In light of this decision, financial advisors to special committees should expect to receive requests that they agree to noncontingent fees and because there can be no guarantee that a transaction will ultimately be consummated, should expect the proposed noncontingent fees to be lower than the contingent fees financial advisors might otherwise expect to receive.

In addition, if the transaction consideration is allocated amongst classes of capital stock (other than by the terms of such securities or a preexisting contract or other obligation), financial advisors are also likely to receive requests to provide opinions regarding the fairness of such allocation to the holders of one or more classes of capital stock – an issue that financial advisors have historically viewed as being outside the proper scope of a fairness opinion. The latter issue may not be restricted to situations involving a special committee.

The Facts

The case arose in connection with the 1999 merger of TCI with a subsidiary of AT&T. While on its face an arms’-length transaction, the Board of TCI formed a Special Committee to evaluate the proposed transaction because of the potential conflicts faced by members of the board resulting from their ownership of different classes of TCI capital stock.

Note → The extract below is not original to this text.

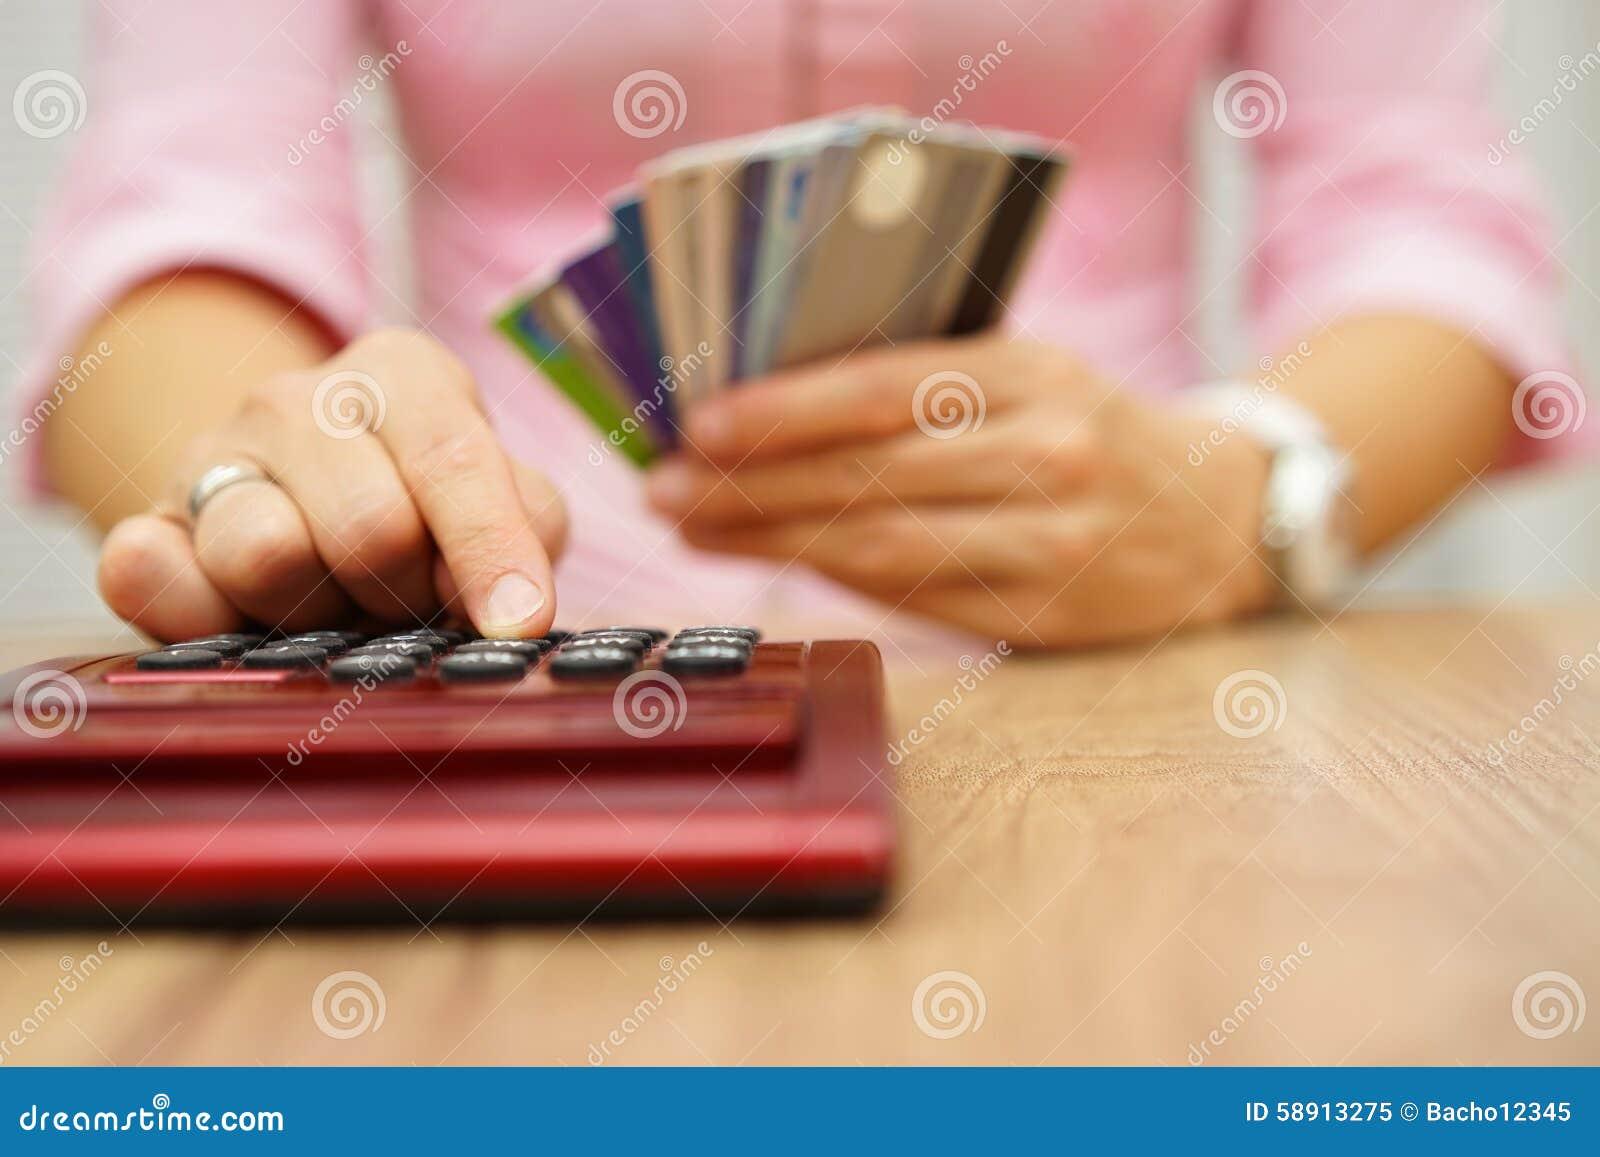 Женщина высчитывает насколько цена или траты имеет с кредитными карточками

According to the opinion, TCI had issued two classes of tracking stock – one high vote, one low vote – with respect to each of three divisions, for a total of six classes of capital stock. The terms of the proposed merger included a 10% premium payable to the holders of the high vote stock of one division as compared to the consideration payable to the holders of the low vote stock of that division. Disclosure claims and claims challenging the fairness of the transaction were brought on behalf of the holders of the low vote stock of that division.

Since a majority of TCI’s directors owned substantial amounts of high vote stock and they stood to receive a significant benefit as a result of the 10% premium at the expense of the holders of low vote stock, the court applied an entire fairness test rather than the business judgment rule. Because of the deficiencies described below (drawing all reasonable inferences in favor of the plaintiffs), the establishment of a special committee failed to shift the burden of proof back to the plaintiffs at the summary judgment stage.

Entire Opinion Issues

With respect to the entire fairness of the 10% premium payable to holders of high vote stock, Chancellor Chandler concluded that:

1. The Special Committee lacked complete information regarding the premium at which high vote shares historically traded.

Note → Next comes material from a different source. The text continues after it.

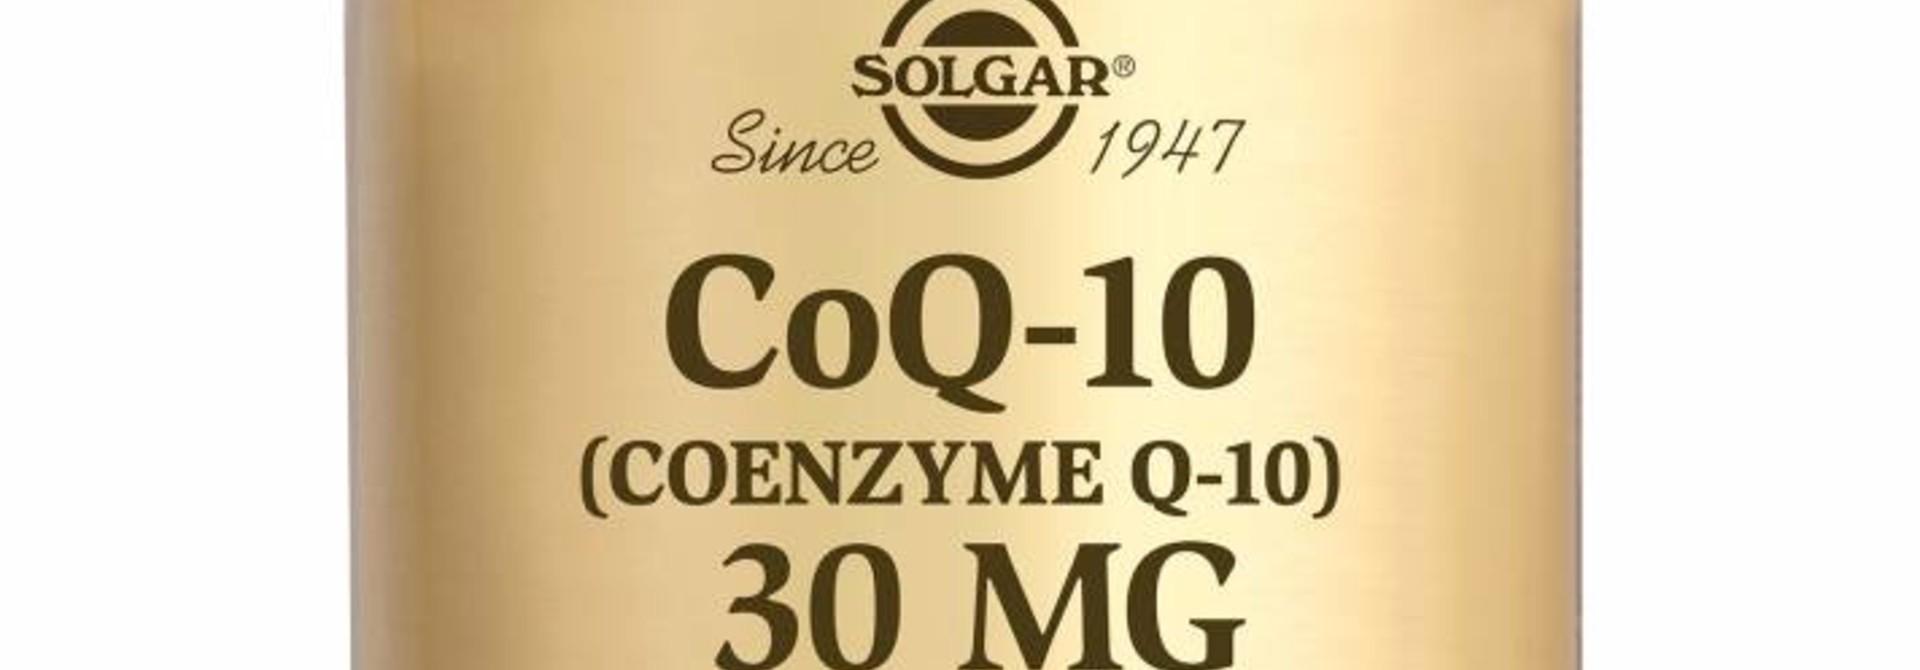 Co-Enzyme Q-10 30 mg 90 plantaardige capsules

2. The Special Committee failed to ascertain the relative infrequency of high vote premiums in comparable transactions.

[Note: While the court acknowledged arguments that such premium may often be foregone to, among other things, avoid litigation and that, in this case, the largest holder of high vote stock had repeatedly made it clear that absent a 10% premium there would be no transaction, the court concluded that, reasonably construing the record in the light most favorable to the plaintiffs, the Special Committee was inadequately informed. Nevertheless, many commentators will criticize the court’s apparent focus on the historical relative trading prices of a liquid low vote stock and an illiquid high vote stock and the numerous precedent transactions in which holders of high vote stock had foregone a premium even though they may have been legally and economically entitled to one (e.g., the fact that holders of high vote stock may be willing to forego a control premium to avoid litigation is not much help or particularly relevant when negotiating with a large holder of high vote stock like John Malone who adamantly insists on extracting a premium to which he is legally entitled).]

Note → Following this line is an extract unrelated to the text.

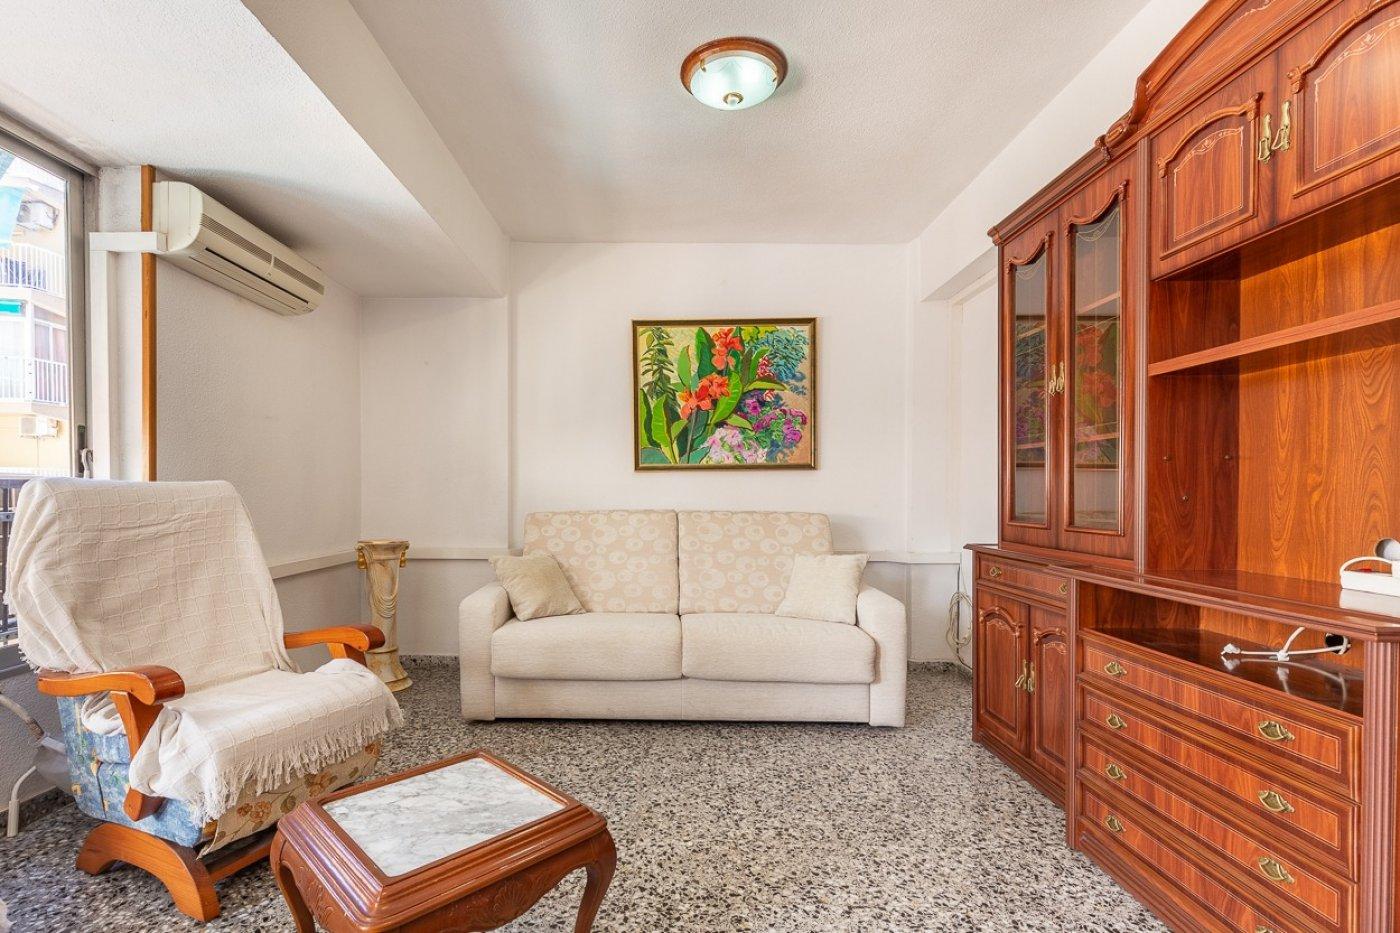 Piso de 2 dormitorios (3 de origen), en pleno centro de Benidorm. A 500 metros de la playa. 6

3. While TCI’s financial advisor separately analyzed the fairness of the high vote exchange ratio to the holders of high vote stock and the fairness of the low vote stock exchange ratio to the holders of low vote stock, in Chancellor Chandler’s view the Delaware Supreme Court’s decision in Levco v. Reader’s Digest required an examination of the fairness of the premium paid for the high vote stock to the holders of low vote stock, apparently by obtaining an opinion as to the fairness of the high vote premium to the holders of the low vote stock.

Note: Whether a Special Committee is generally obligated to obtain an opinion from its financial advisor with respect to the fairness of a high vote premium to the holders of low vote stock will be the subject of much debate, particularly as many financial advisors believe such normative conclusions to be outside the proper scope of a fairness opinion. The key language in the TCI opinion is: “the [financial advisor] opinion does not discuss the effect of the [high vote stock] premium upon the [low vote stock] holders, i.e., whether the [high vote stock] premium was fair to the [low vote stock] holders. Unfortunately for defendants, Levco appears to mandate exactly such an analysis: that the relative impact of the preference to one class be fair to the other….In other words, the [Special Committee in Levco] should have sought an opinion as to whether the transaction was fair to the disadvantaged class of shareholders…” Arguably all Levco actually says is that the Special Committee needed to focus on the specific impact upon the low vote shareholders of differential payment received by the high vote shareholders and that can be accomplished by reviewing a quantitative analysis well within the core competencies of a financial advisor, while leaving the normative judgment/conclusion as to the appropriateness of such allocation to the special committee and the board following a review of all relevant and reasonably available information, including, as appropriate, information on historical relative trading values and precedent transactions.

Special Committee Issues

Somewhat reminiscent of Emerging Communications, the opinion also describes a special committee process that in many respects serves as a guide on what not to do.

Among other things:

1. The Special Committee was comprised of two members, one of whom primarily held and benefited from the premium paid to the high vote stock, and did not include a third director who was economically disadvantaged by the payment of the premium to the holders of high vote stock.

2. The Special Committee members did not appear to have a clear and unambiguous mandate. One member thought the Special Committee’s assignment was to ensure that holders of the low vote stock received fair consideration and in particular to ensure that holders of low vote stock received consideration that was fair in relation to the consideration received by holders of high vote stock. The other member thought the Special Committee’s assignment was to look after the interests of all shareholders, not just the holders of high vote or low vote stock.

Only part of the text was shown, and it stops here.